Step 3 electron transport chain

-In eukaryotes, ETC carriers reside within the inner membrane of the mitochondrion. The ETC consists of four large, multiprotein complexes and two additional carriers, coenzyme Q and the small protein cytochrome c, that connect complex I to complex III and complex III to IV, respectively. The final complex (complex IV) is referred to as the terminal oxidase as it is responsible for the final step transferring electrons to O2 (figure 7.11). As electrons move through the ETC, protons are moved across the inner membrane, forming a proton gradient.

-image below- -Creation of a Proton Gradient by the Mitochondrial Electron Transport Chain and Its Use in Synthesis of ATP. As electrons move along the ETC, protons are transported across the membrane creating a proton gradient. Proton release occurs when electrons are transferred from carriers, such as FMN and coenzyme Q (Q), that carry both electrons and protons to components such as nonheme iron proteins (FeS) and cytochromes (Cyt) that transport only electrons. Complex IV is the terminal oxidase that transfers electrons to oxygen. The number of protons moved across the membrane at each site per pair of electrons transported is still somewhat uncertain and may vary among species; the current consensus is that 10 protons move outward during NADH oxidation. One molecule of ATP is synthesized and released from the enzyme ATP synthase for every 2.5 protons that move back into the matrix by passing through the enzyme.

Step 3:

-The use of the PMF for ATP synthesis is catalyzed by ATP synthase. The best-studied ATP synthases are the F1F0 ATP synthases found in mitochondria, chloroplasts, and bacteria. They are also known as F1F0 ATPases because they can catalyze ATP hydrolysis. The mitochondrial F1 component appears as a spherical structure attached to the mitochondrial inner membrane surface by a stalk. It functions much like a rotary engine as described in figure 7.16.

-image below- -ATP Synthase Structure and Function. (a) The major structural features of ATP synthase. F1 is composed largely of alternating α and β subunits; the three active sites are on the β subunits. The γ subunit extends through the center and can rotate. The stalk (γ and ε subunits) connects the sphere to F0, the membrane embedded complex that serves as a proton channel. F0 contains one a subunit, two b subunits, and nine to twelve c subunits.
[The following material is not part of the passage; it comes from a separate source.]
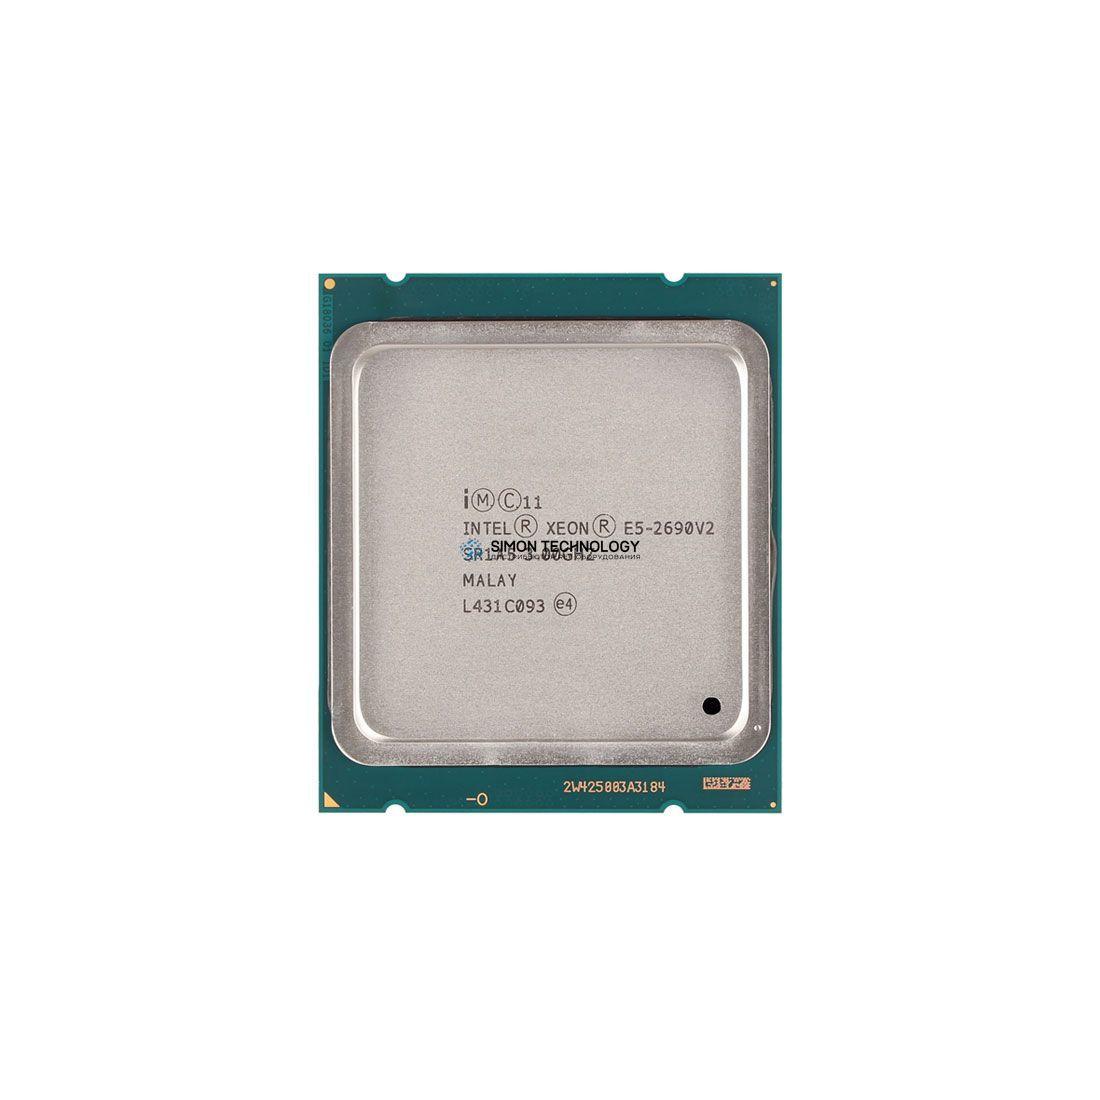 Процессор Intel Xeon 10C 3.0GHz 25MB 130W Processor (1CP74)

The stator arm is composed of subunit a, two b subunits, and the δ subunit; it is embedded in the membrane and attached to F1. A ring of c subunits in F0 is connected to the stalk and may act as a rotor and move past the a subunit of the stator. As the c subunit ring turns, it rotates the shaft (γε subunits). The inset is an atomic force micrograph of the F0 rotor. (b) The binding change mechanism is a widely accepted model of ATP synthesis. This simplified drawing of the model shows the three catalytic β subunits and the γ subunit, which is located at the center of the F1 complex. As the γ subunit rotates, it causes conformational changes in each subunit. The βE (empty) conformation is an open conformation, which does not bind nucleotides. When the γ subunit rotates, βE is converted to the βHC (half closed) conformation. Pi and ADP can enter the catalytic site when it is in this conformation. The next rotation by the γ subunit is critical because it brings about three significant conformational changes: (1) βHC to βDP (ADP bound), (2) βDP to βTP (ATP bound), and (3) βTP to βE. Change from βDP to βTP is accompanied by the formation of ATP; change from βTP to βE allows for release of ATP from ATP synthase.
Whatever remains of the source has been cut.